8.0 YaSTでのシステム設定

SUSE Linux Enterpriseでは、YaSTはインストールとシステムの設定の両方を処理します。 この章ではシステムコンポーネント(ハードウェア)の設定、ネットワークアクセス、セキュリティ設定、およびユーザ管理について説明します。 テキストベースのYaSTインターフェースの概要は、セクション 8.12, テキストモードのYaST」を参照してください。 手動によるシステム設定の説明については、「セクション 19.3, /etc/sysconfigによるシステム設定を参照してください。

さまざまなYaSTモジュールを使って、YaSTでシステムを設定します。 ハードウェアプラットフォームおよびインストール済みのソフトウェアに応じて、YaSTがインストールされたシステムへのアクセス方法は異なります。

KDEまたはGNOME内で、メインメニューからYaSTコントロールセンターを起動します。 YaSTがシステムファイルを変更するには、システム管理者の権限が必要なので、YaSTの開始前に、rootのパスワードを入力するように要求されます。

コマンドラインからYaSTを起動するには、コマンド「su」(rootユーザに変更するため)と入力してから、「yast2」と入力します。 テキストバージョンを起動するには、「yast2」ではなく、「yast」と入力します。 また、「yast」コマンドを使用すると、仮想コンソールの1つからプログラムを起動することもできます。
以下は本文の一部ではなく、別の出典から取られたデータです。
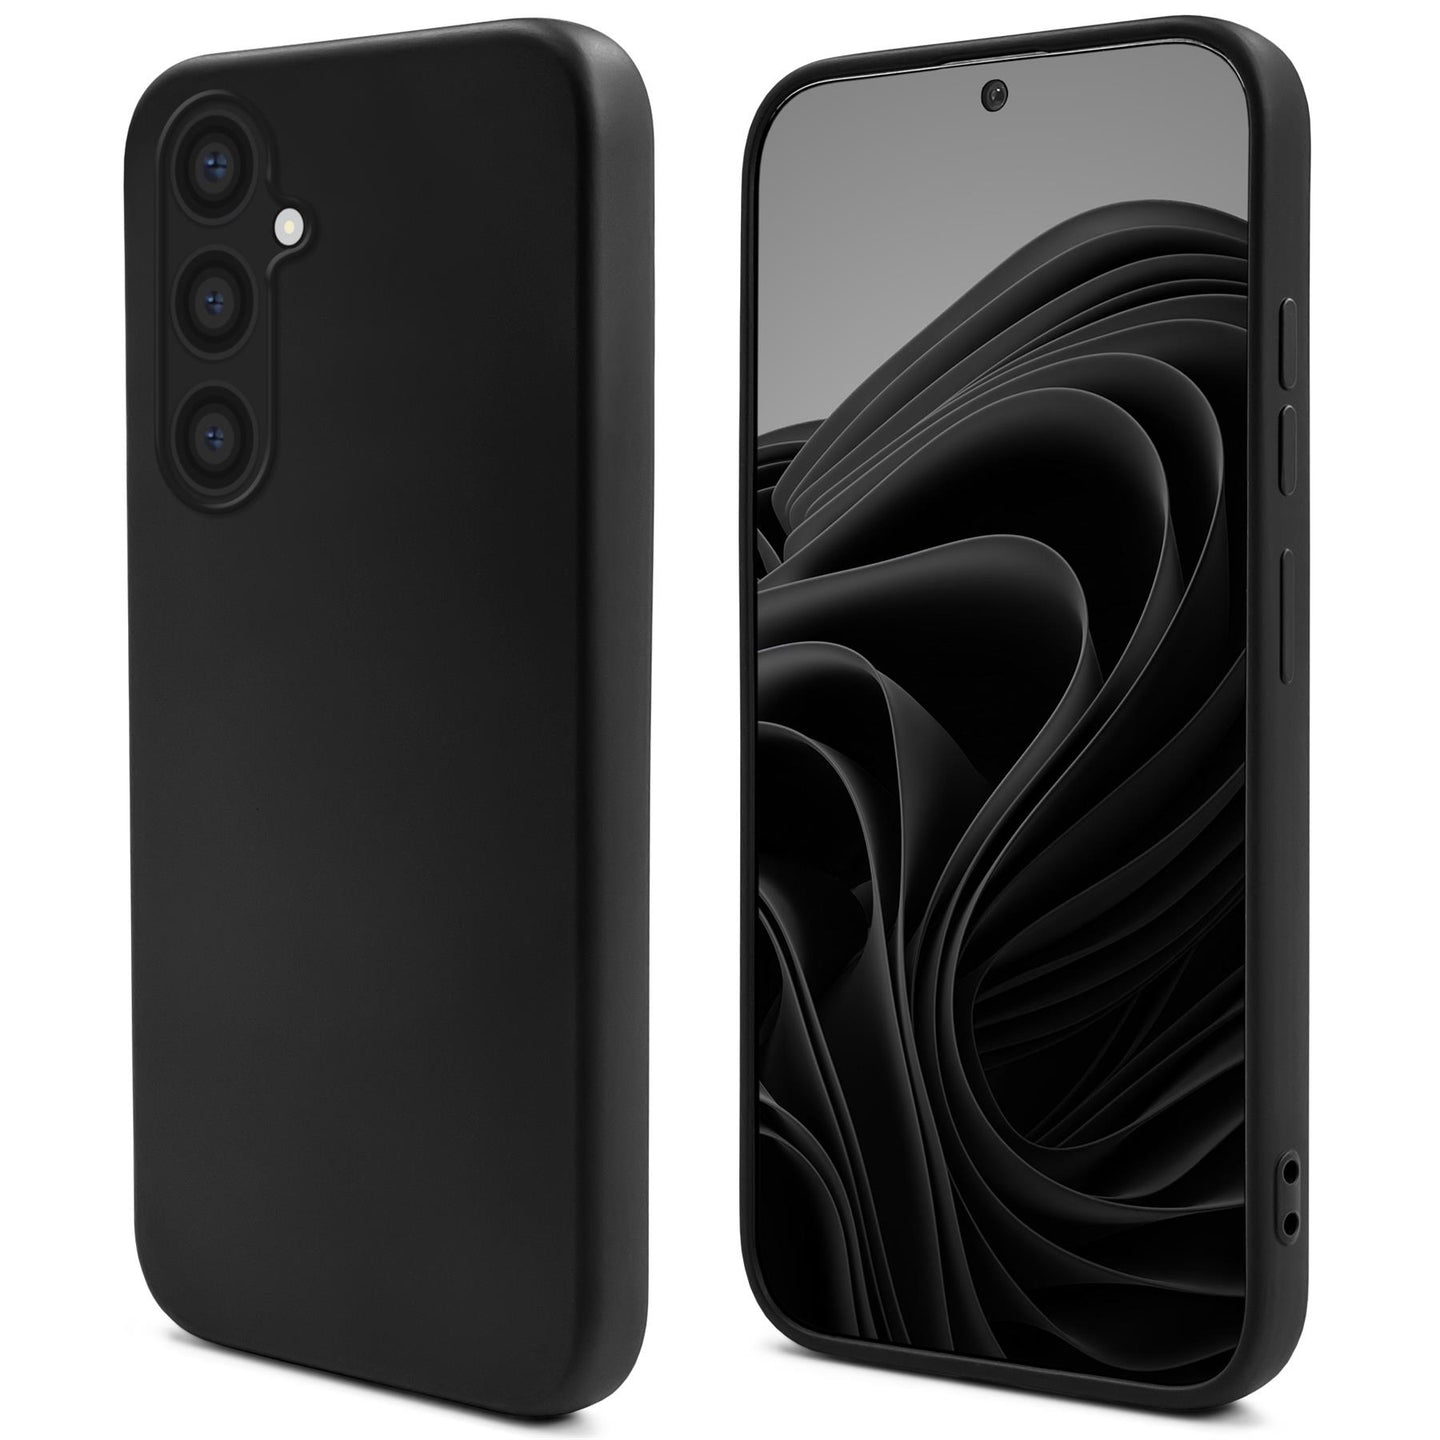 Moozy Lifestyle. Silicone Case for Samsung A54 5G, Black - Liquid Silicone Lightweight Cover with Matte Finish and Soft Microfiber Lining, Premium Silicone Case

独自のディスプレイデバイスをサポートしないハードウェアプラットフォームの場合、または他のホストをリモート管理する場合は、YaSTをリモートで実行します。 最初に、YaSTを表示するホスト上のコンソールを開き、「ssh -X root@<system-to-configure>」コマンドを入力してrootを設定するためにシステムにログインし、Xサーバ出力を自分の端末にリダイレクトします。 SSHログインが成功したら「yast2」と入力して、グラフィカルモードでYaSTを起動します。

他のシステム上で、YaSTをテキストモードで起動するには、ssh root@<system-to-configure>コマンドを使用して接続を開きます。 その後、yastを使用してYaSTを起動します。

時間節約のため、個別のYaSTモジュールを直接起動できます。 モジュールを起動するには、「yast2 module_name」と入力します。 「yast2 -l」または「yast2 --list」と入力して、システムで使用可能になっているすべてのモジュールのリストを表示します。 たとえば、「yast2 lan」と入力して、ネットワークモジュールを起動します。